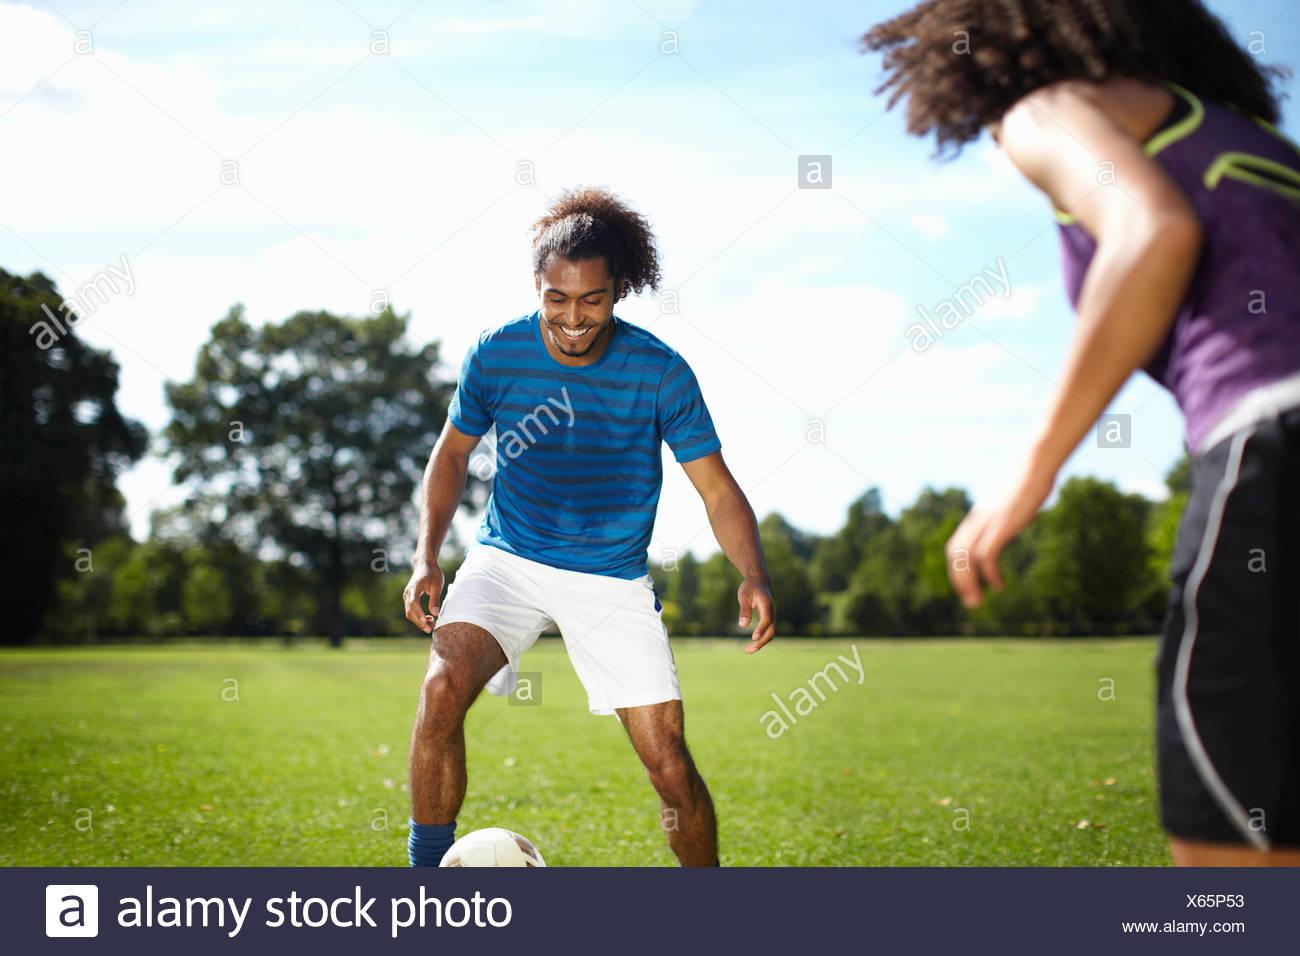 Pareja Joven Jugar Futbol Juntos En El Parque Foto Imagen De Stock
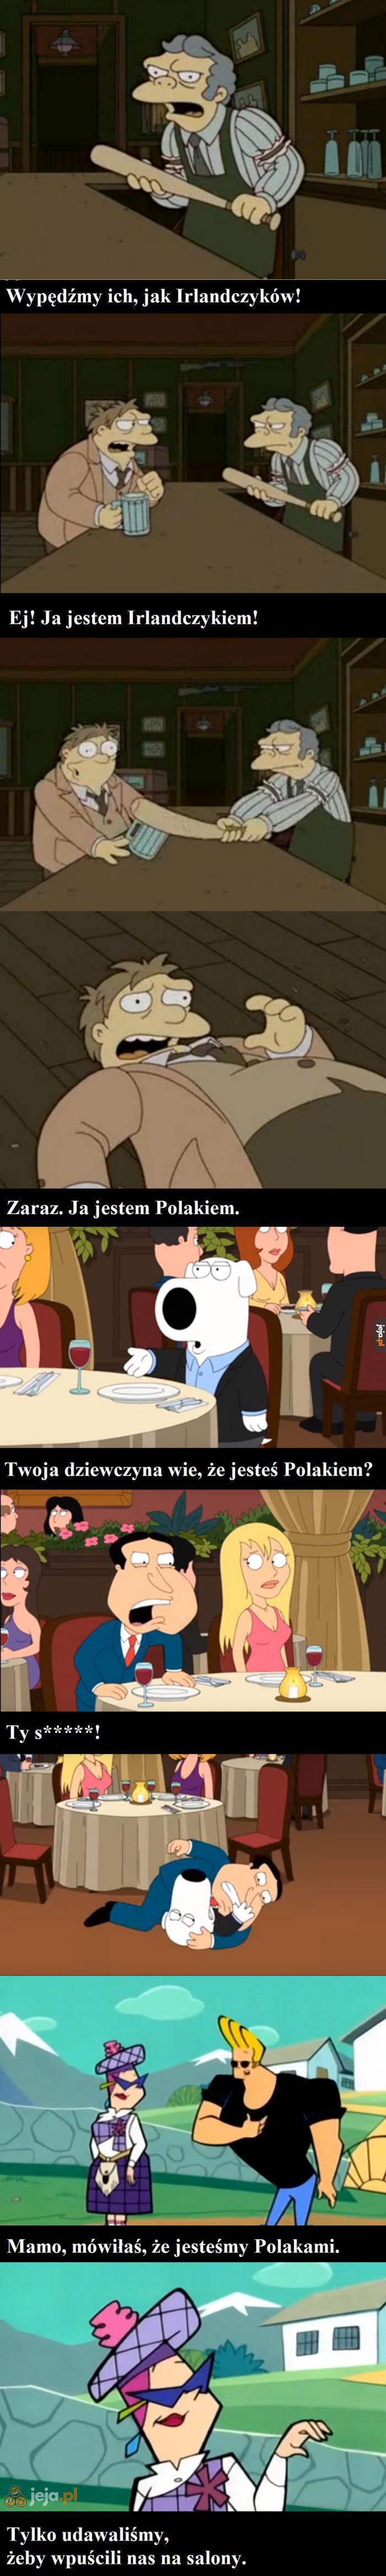 Polacy w kreskówkach
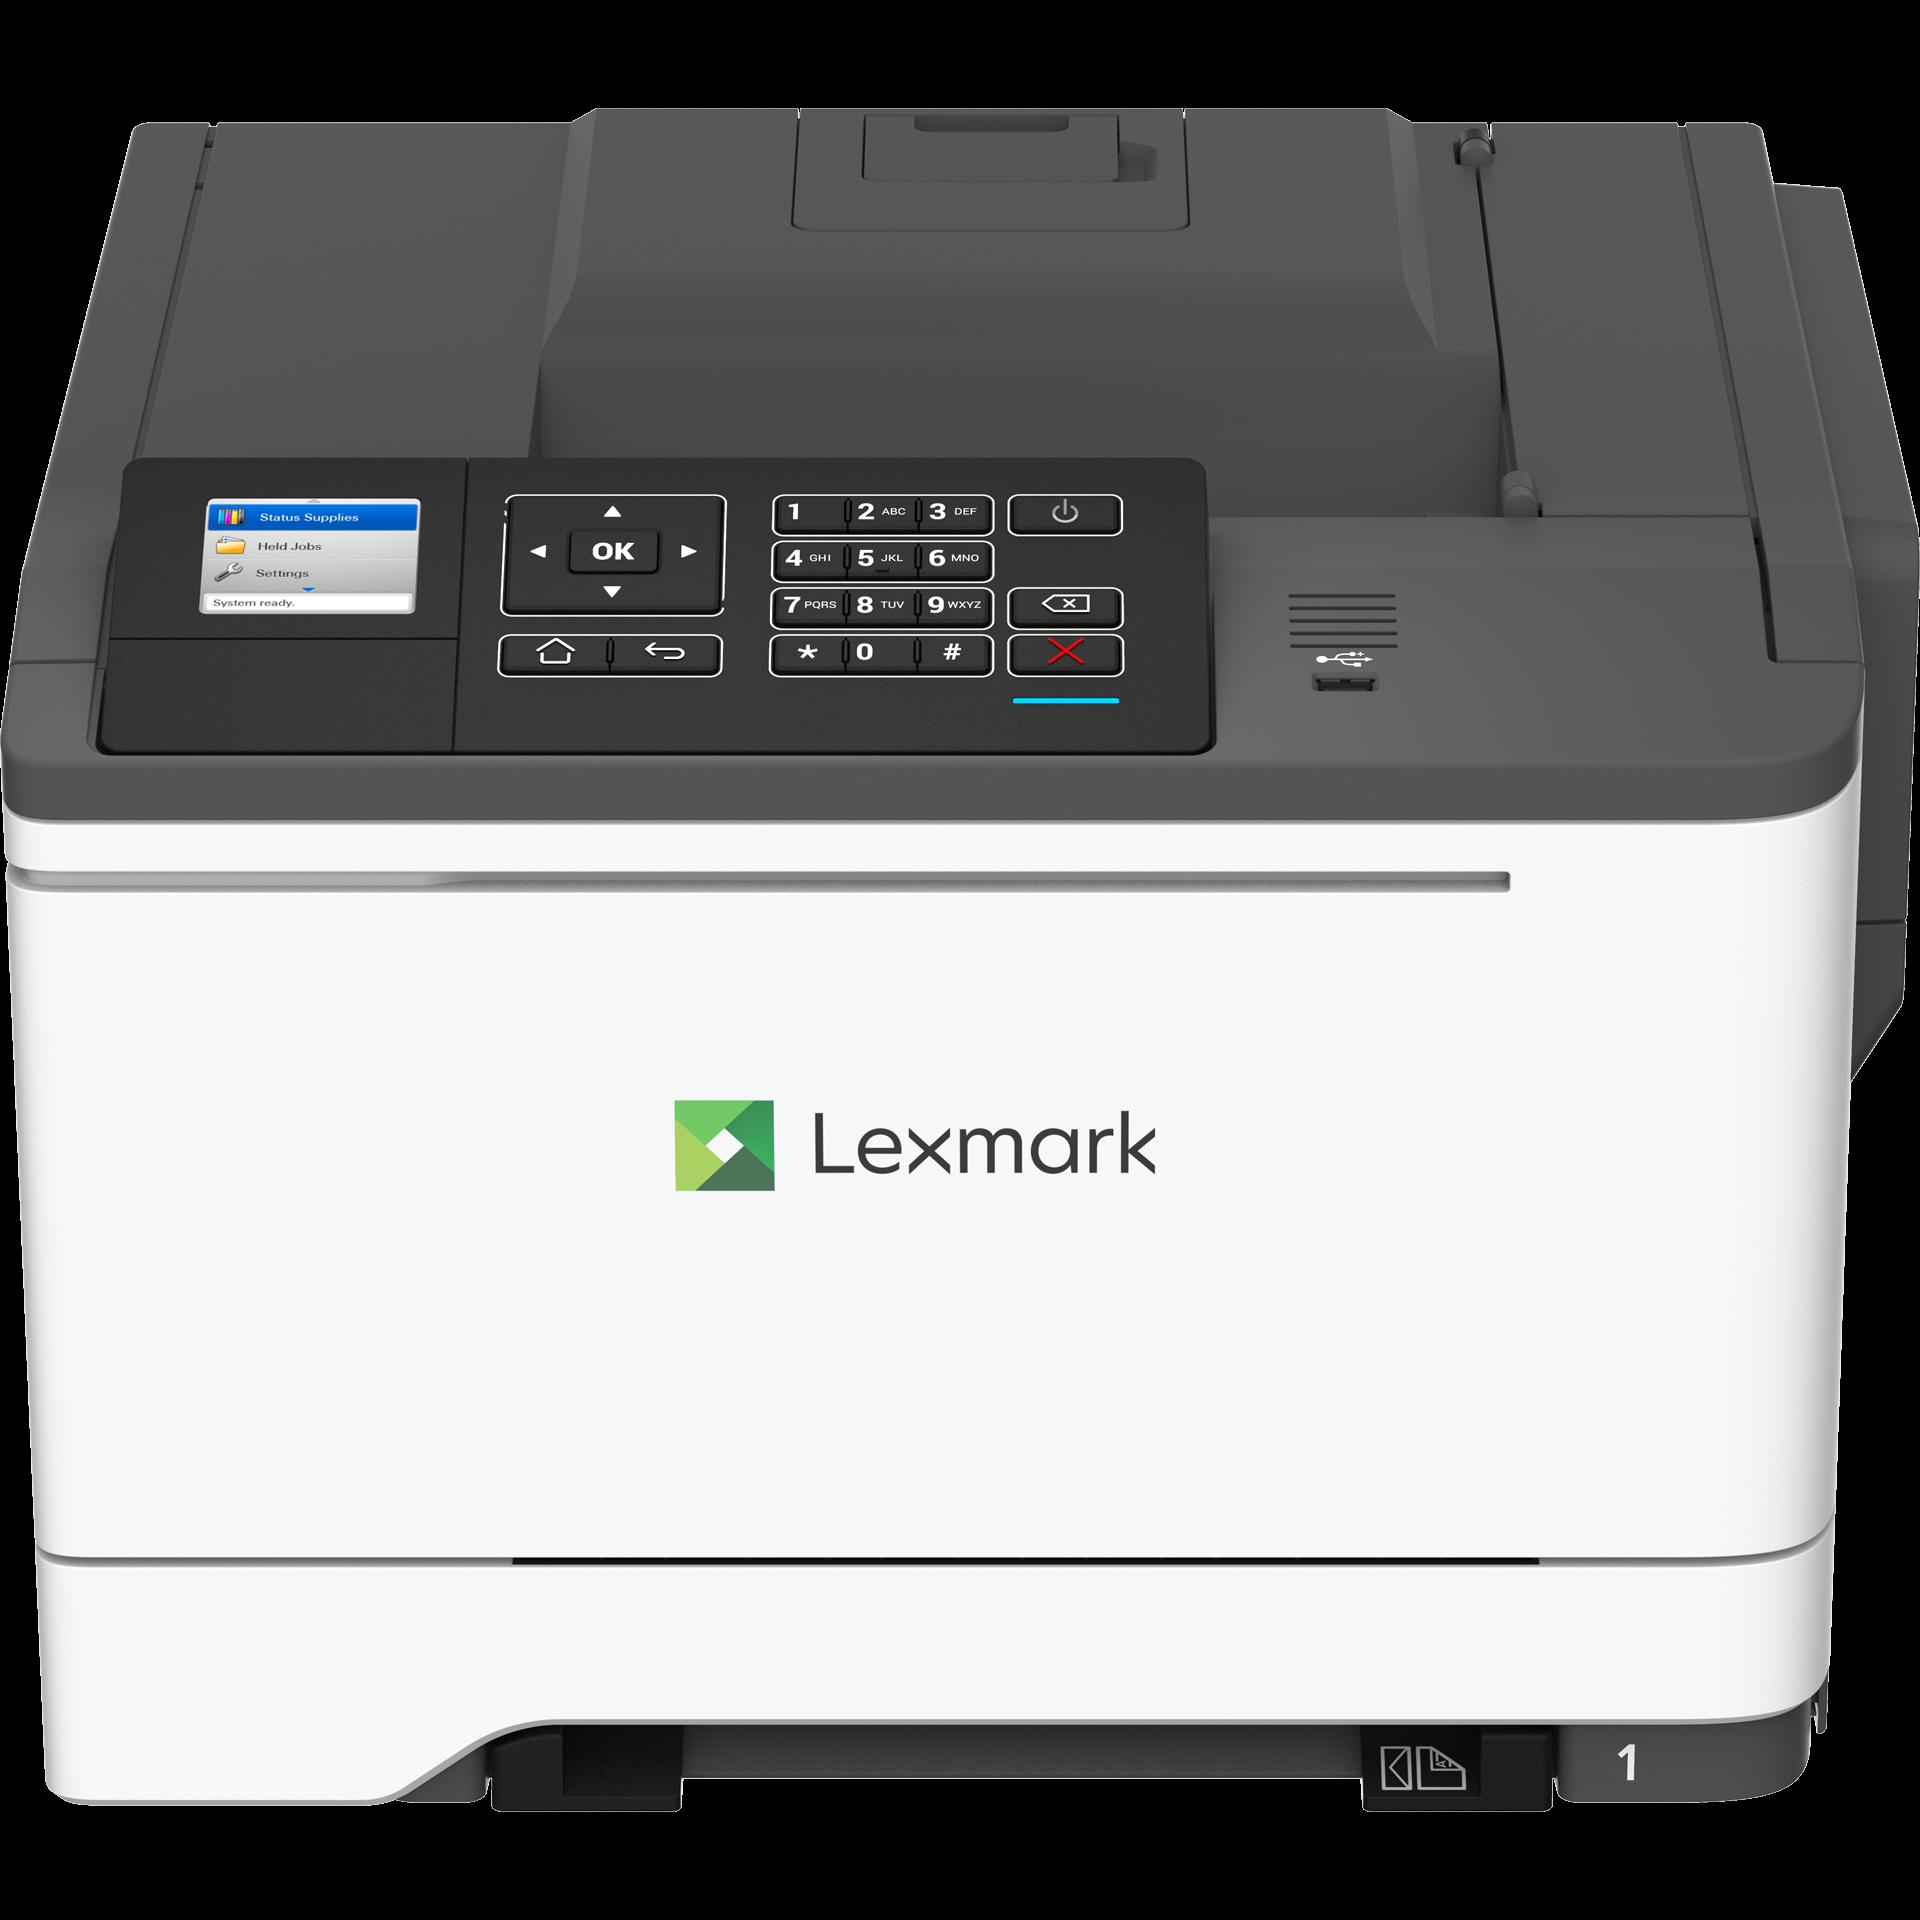 Lexmark CS521dn A4 Colour Laser Printer

- What you will do -
Take the whole listing above and copy it exactly. Pictures do not go into the copy.

- Exercise output -
 Pareja Joven Jugar Futbol Juntos En El Parque Foto Imagen De Stock
 Polacy w kreskówkach
 Lexmark CS521dn A4 Colour Laser Printer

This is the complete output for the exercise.